From: Dean Davis (Dean.Davis_at_mbg-inc.com)
Date: 12/08/03

  • Next message: Meritt James: "Re: Epithet"
    To: 'Jimi Thompson' <jimit@myrealbox.com>, security-basics@securityfocus.com
    Date: Mon, 8 Dec 2003 12:54:55 -0500 
    
    

    I agree with the general consensus that Exchange, all versions, is not ready
    for heavy-duty, prime time.

    Does anyone remember Microsoft stating that future releases of Exchange
    would be based on SQL Server technology? That was certainly one indication
    of ESE's deficiencies. In my experience, Exchange works well on a
    standalone, non-RAID server.

     

    Thanks,
    Dean Davis, MCSE,MCDBA,CCNA,CNA,N+,Linux+
    Sr. Network Engineer
    MBG, Inc.
    370 Lexington Avenue
    New York, NY 10017
    P. 212.822.4429
    F. 212.822.4499
    http://www.mbg-inc.com

    -----Original Message-----
    From: Jimi Thompson [mailto:jimit@myrealbox.com]
    Sent: Friday, December 05, 2003 7:51 PM
    To: security-basics@securityfocus.com
    Subject: Re: Exchange 2K3 and Server 2K3 versus SUN One Pros/Cons and
    Security Pros/Cons

    Sarbjit,

    You are correct about the "upgrade" to ESE from a true JET. However, it
    STILL doesn't do all the things that a TRUE RDBMS like MS-SQL or Oracle
    are capable of.
    It doesn't cluster. It doesn't replicate. It also doesn't like being
    virus scanned. You are also correct that it doesn't like being on a
    RAID set up. That being said, I fail to see where it performs like
    "Microsoft SQL or Oracle". Given that ESE doesn't do any of those
    things, and is for almost all practical purposes is simply JET2003 and I
    fail to see where it is such an improvement.

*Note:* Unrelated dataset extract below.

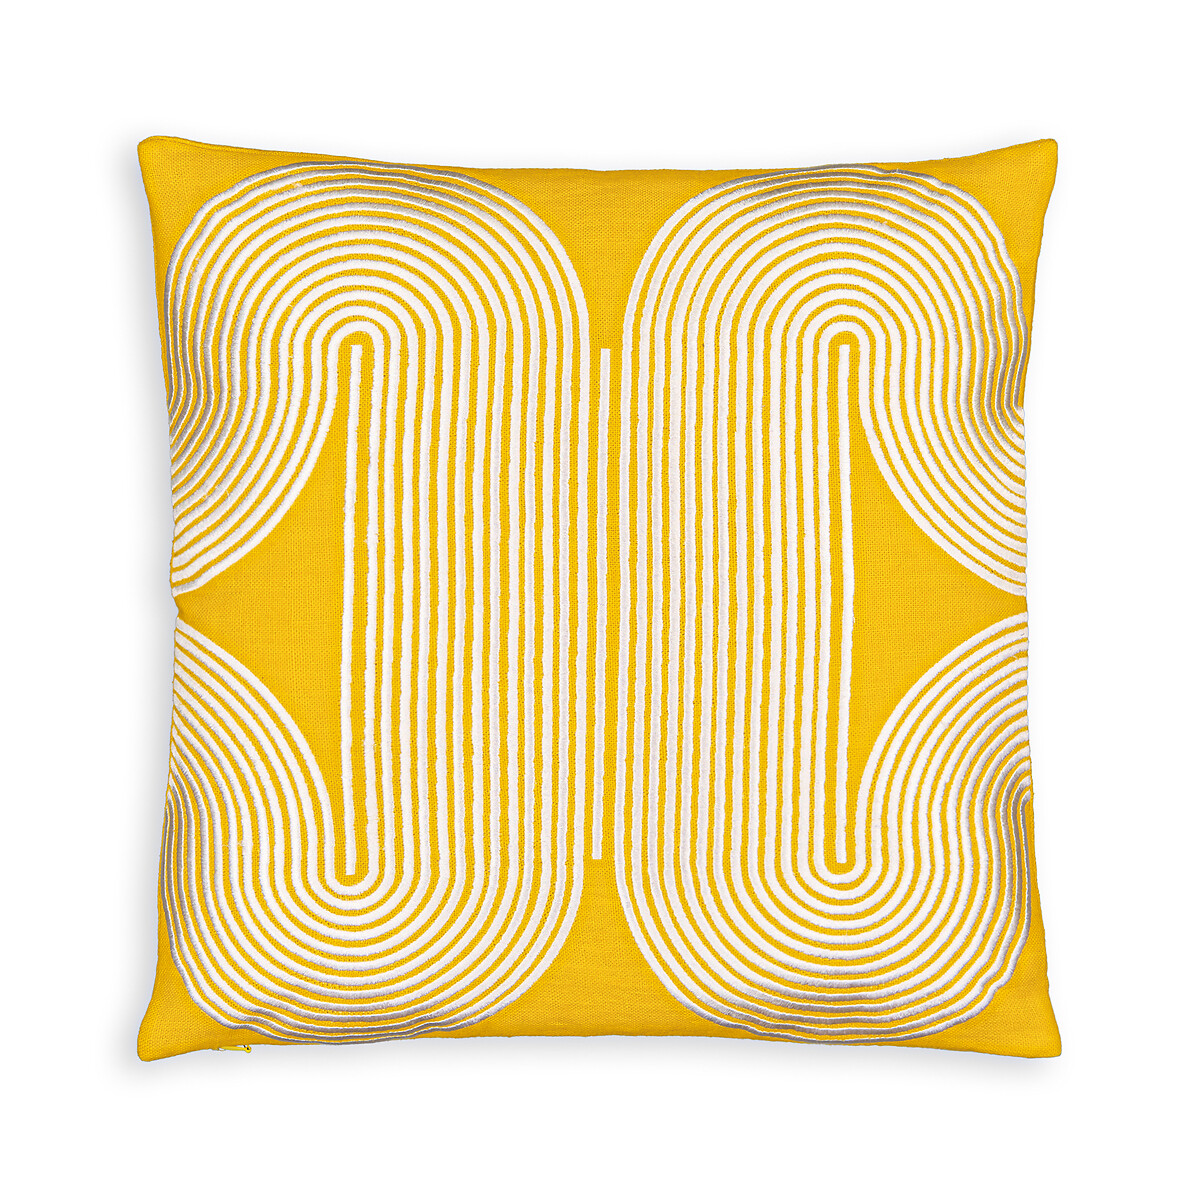 Чехол На подушку из льна Rialto 45 x 45 см желтый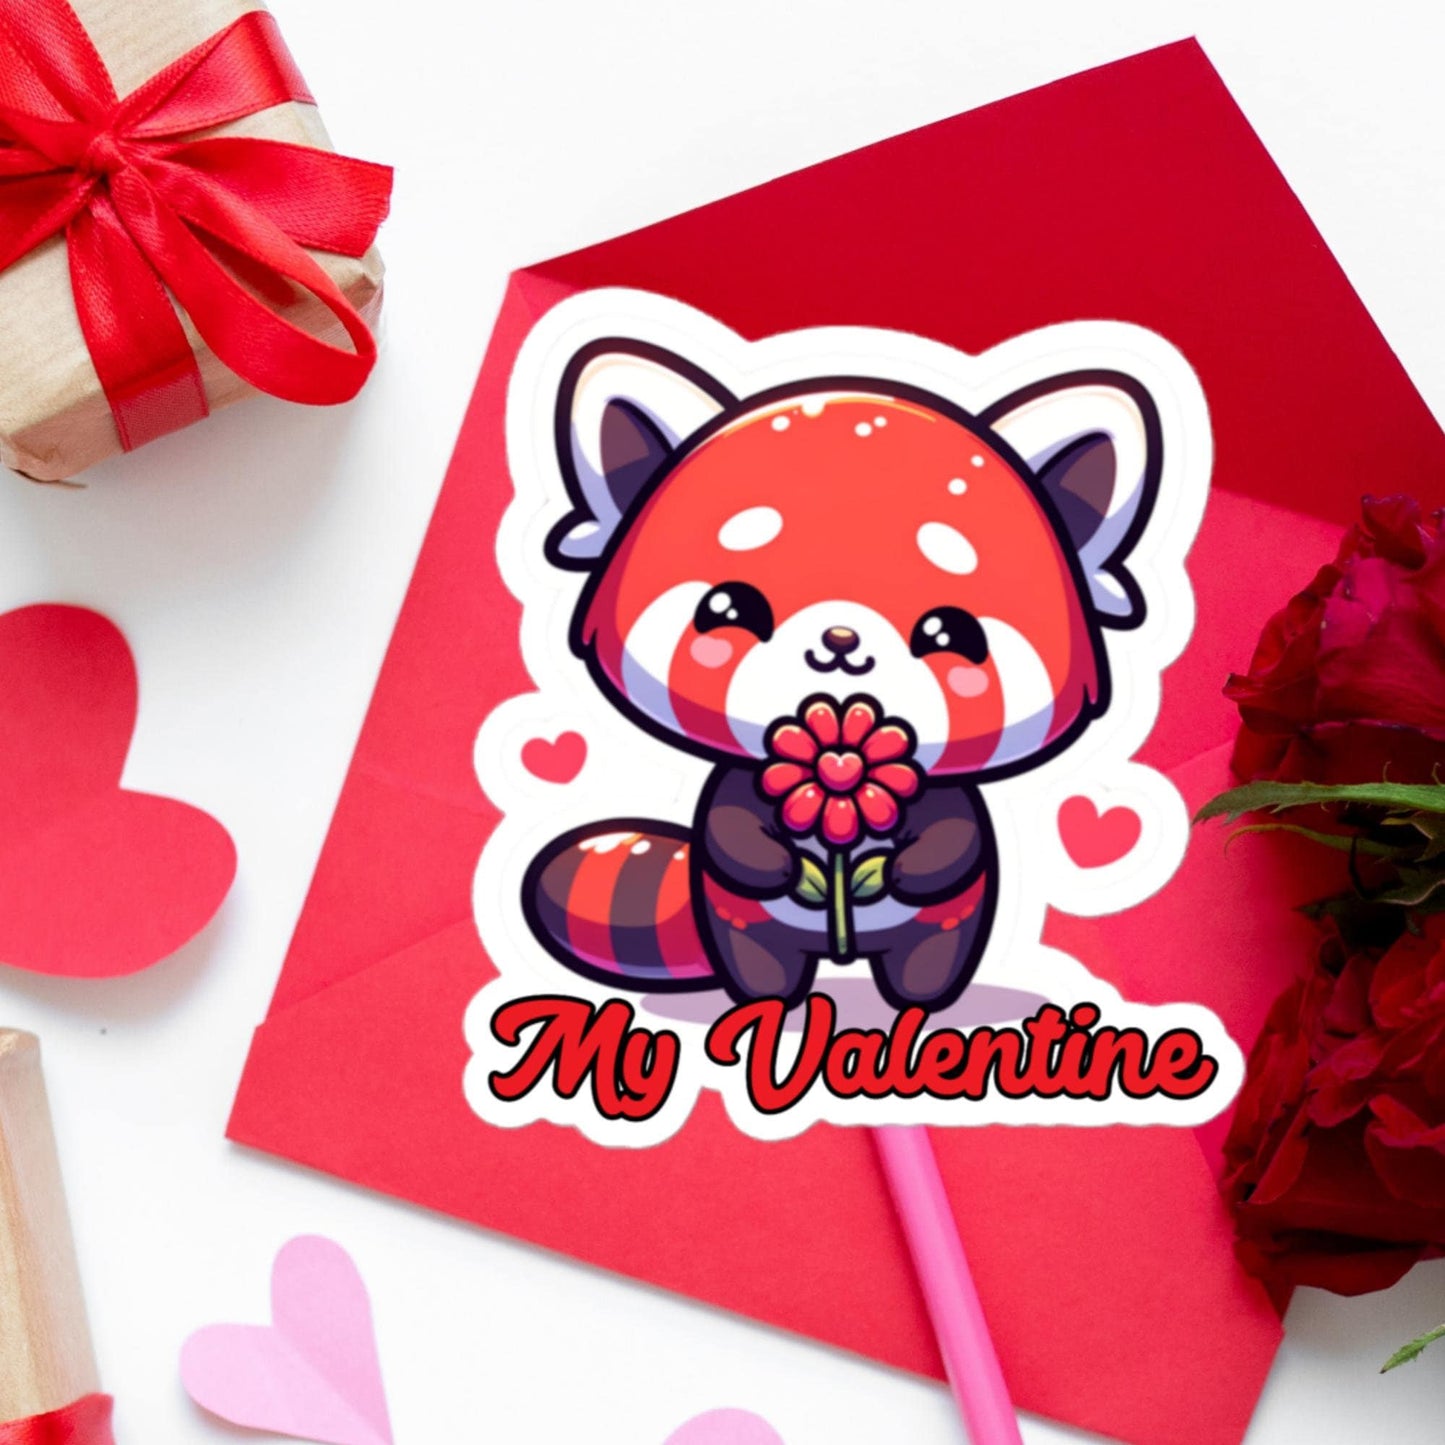 My Valentine Red Panda Heart Flower sticker Valentine&#39;s Day Gift Stickers Bubble-free stickers

    It can't handle any other process running against it's datastore because
    it doesn't have the ability to cache and then commit like a REAL RDBMS.
    Even according to your own statements, it can't handle running in a
    normal operating environment with a RAID controller and some anti-virus
    software. Given that it can't operate as one would expect in these days
    of RAID controllers and virus scanning software being required on mail
    servers, I stand by my "self-corrupting" statement. A mail server
    should be able to operate in a "high availablity" environment. Given
    that Microsoft has the code to MS-SQL, why is it that they haven't
    backended Exchange with that? It's touted as the premier of their
    database technology. Furthermore, if ESE is so good, why isn't it
    marketed seperately as a database? Microsoft markets the heck out of
    everything else.

    I also seriously doubt that your mail servers have been banged on by
    large numbers of undergrad students that send our professors emails
    infected with every virus and bit of spyware known to man. Our
    sendmail server, which acts as our spam prefilter has an uptime of 383
    days. We simply cannot remove the virus software. In addtion, we've
    had MICROSOFT come out an install the server on the second go-around.
    Our TAM has spent quite a bit of time on site, pretty much scratching
    his head. I doubt that this is something that we've done.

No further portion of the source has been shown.